# Cold Weather Lube



## fylling35 (Jun 15, 2007)

I was wondering what kinds of Gun Oil or Lube you use when it gets cold out. I need to get something that won't gum up.

I was shooting a single shot today because my semi-auto was sticky. Yes, it needs to be cleaned again...but I am just curious what you all use.

Thanks


----------



## lvmylabs (Jan 23, 2006)

That is the reason I love shooting a pump when it gets cold out.


----------



## Neanderthal (Oct 30, 2007)

I use Hoppe's or Rem Oil.
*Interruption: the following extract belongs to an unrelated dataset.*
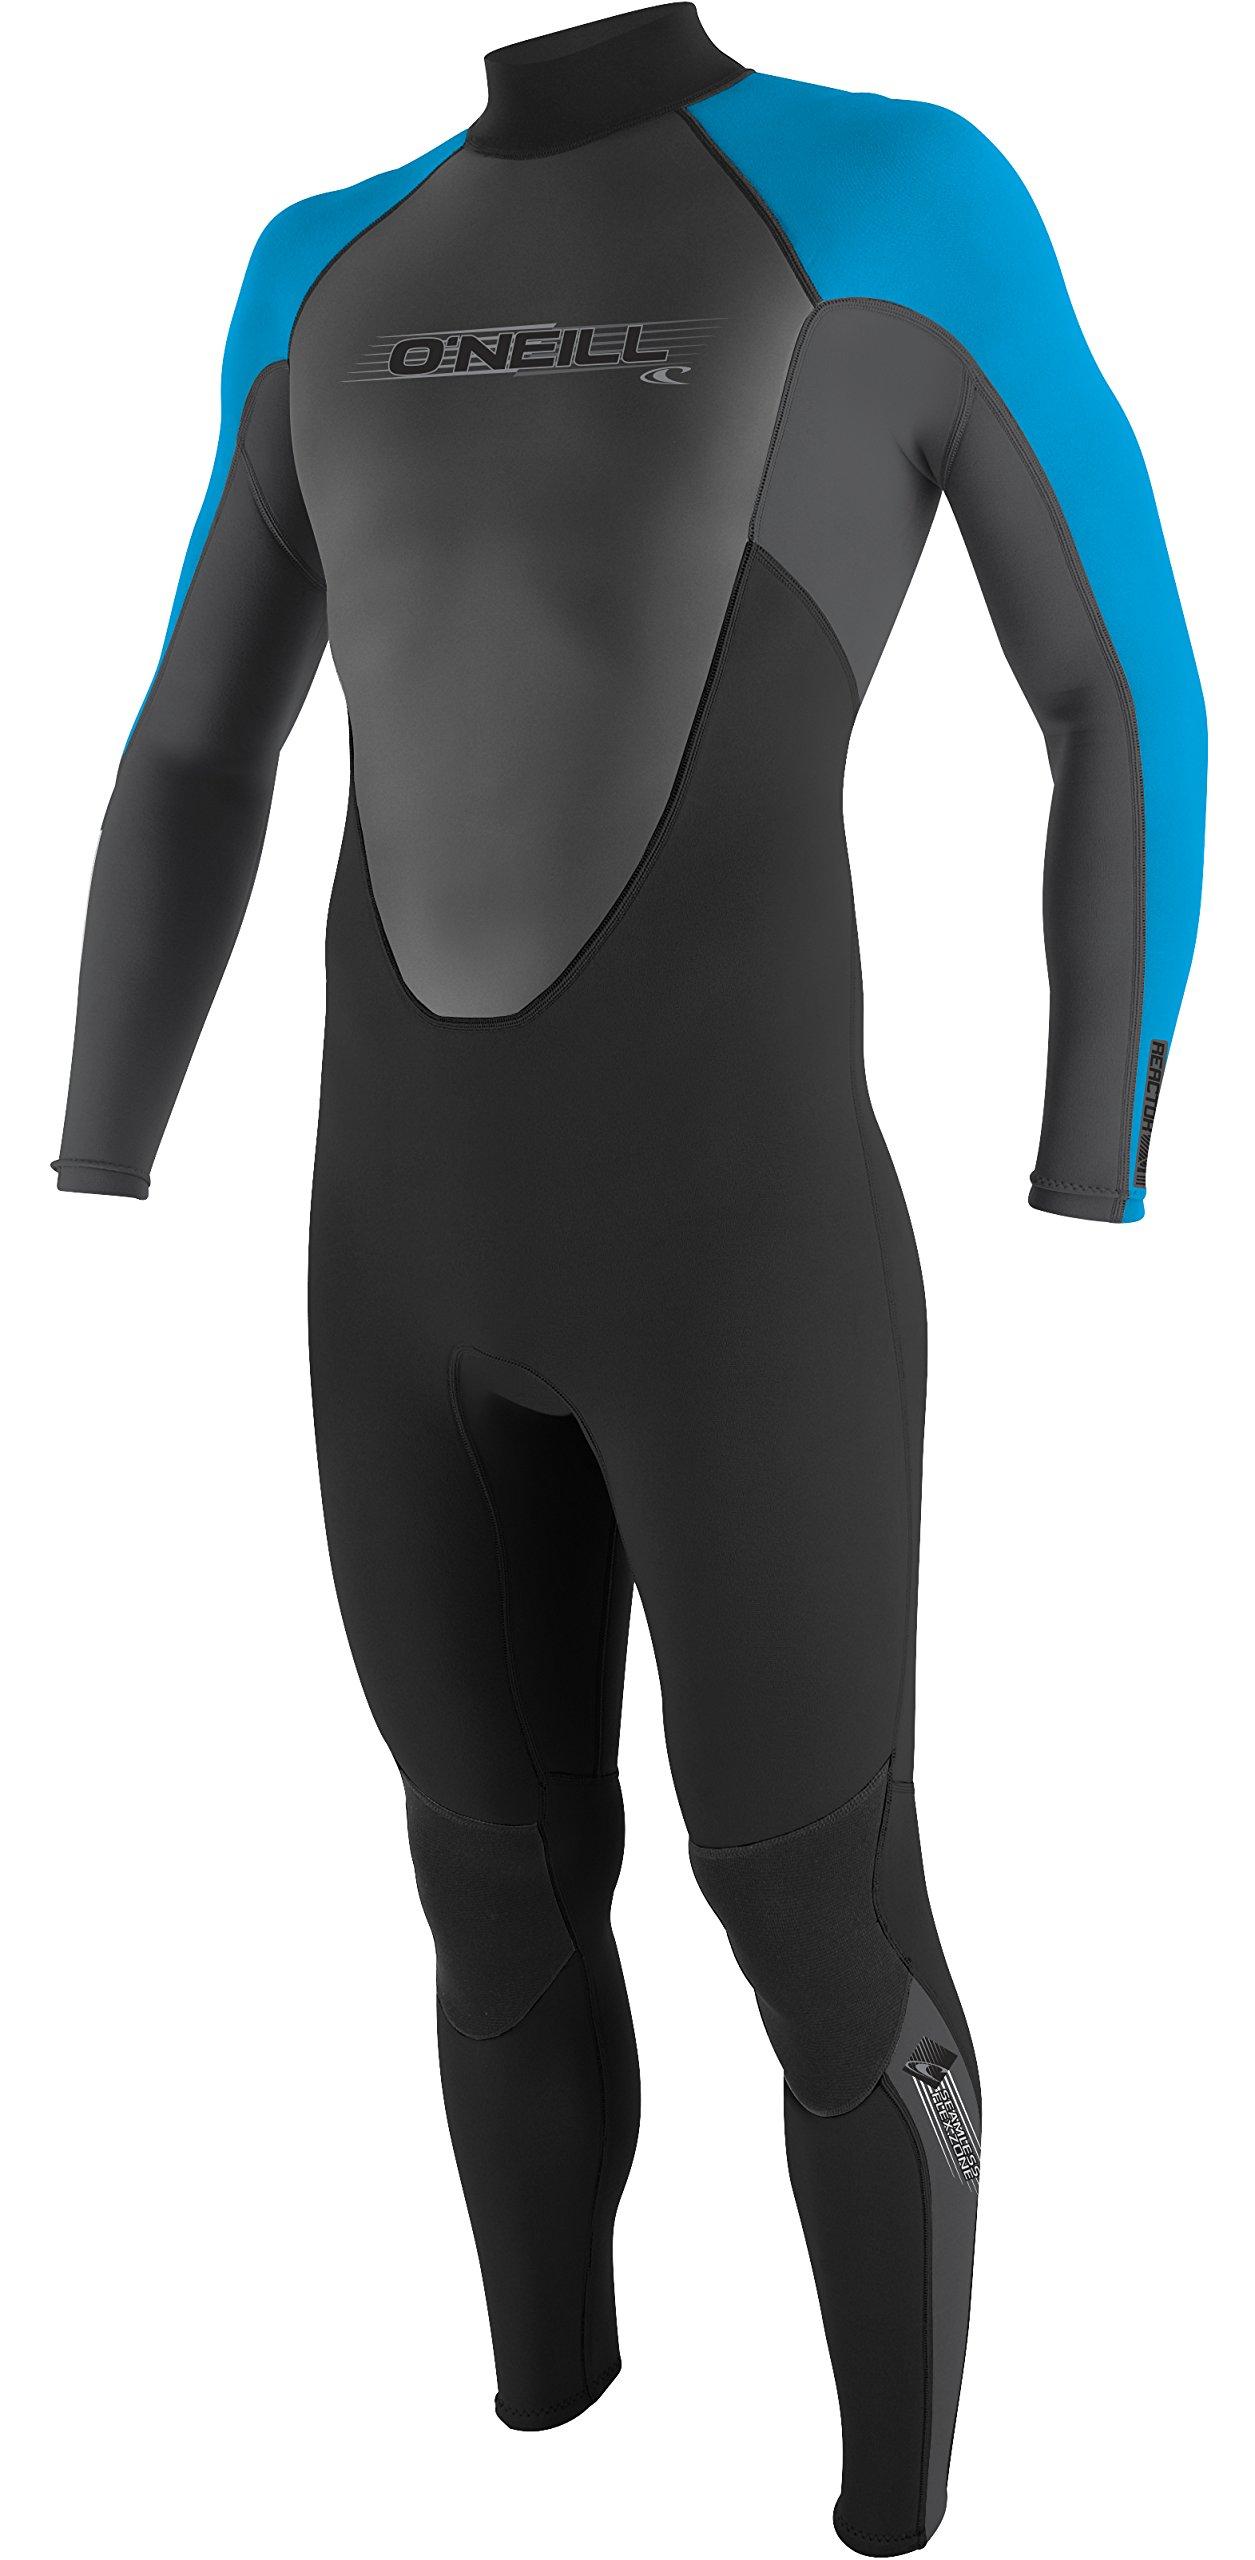 O'Neill Wetsuits Men's 3/2mm Reactor Full Suit, Black Smoke Tahiti, Small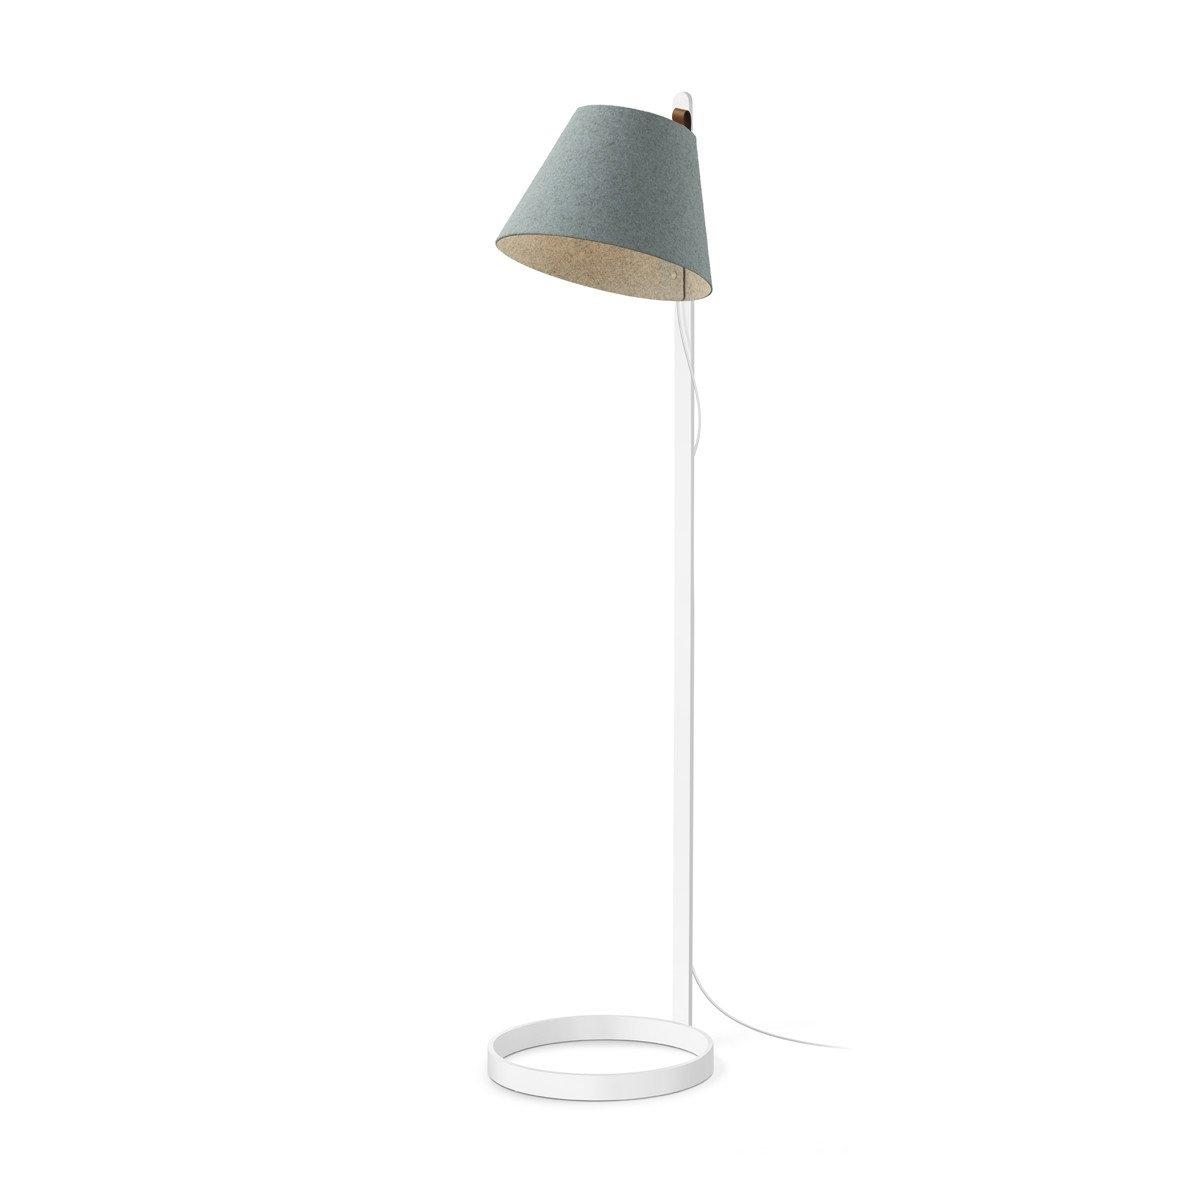 PABLO LIGHTING LANA FLOOR LAMP - SHOP

They work in the cold.


----------



## Hardsell (Jan 29, 2007)

Fylling35,
What is the auto you use?


----------



## fylling35 (Jun 15, 2007)

I run a Browning Gold 3.5"

I haven't had any trouble with it before this because I clean it pretty often(I have already fixed the problem by cleaning but I was just curious what I could do to help the situation)...but I have heard that too much oil is worse than not enough...so I have been using very small amounts of oil.

Also, I don't know if I heard this correctly but is there a "dry" oil or something that air dries once sprayed on? Thought I heard something about that.


----------



## buckseye (Dec 8, 2003)

you can run them dry in cold weather if you have to...


----------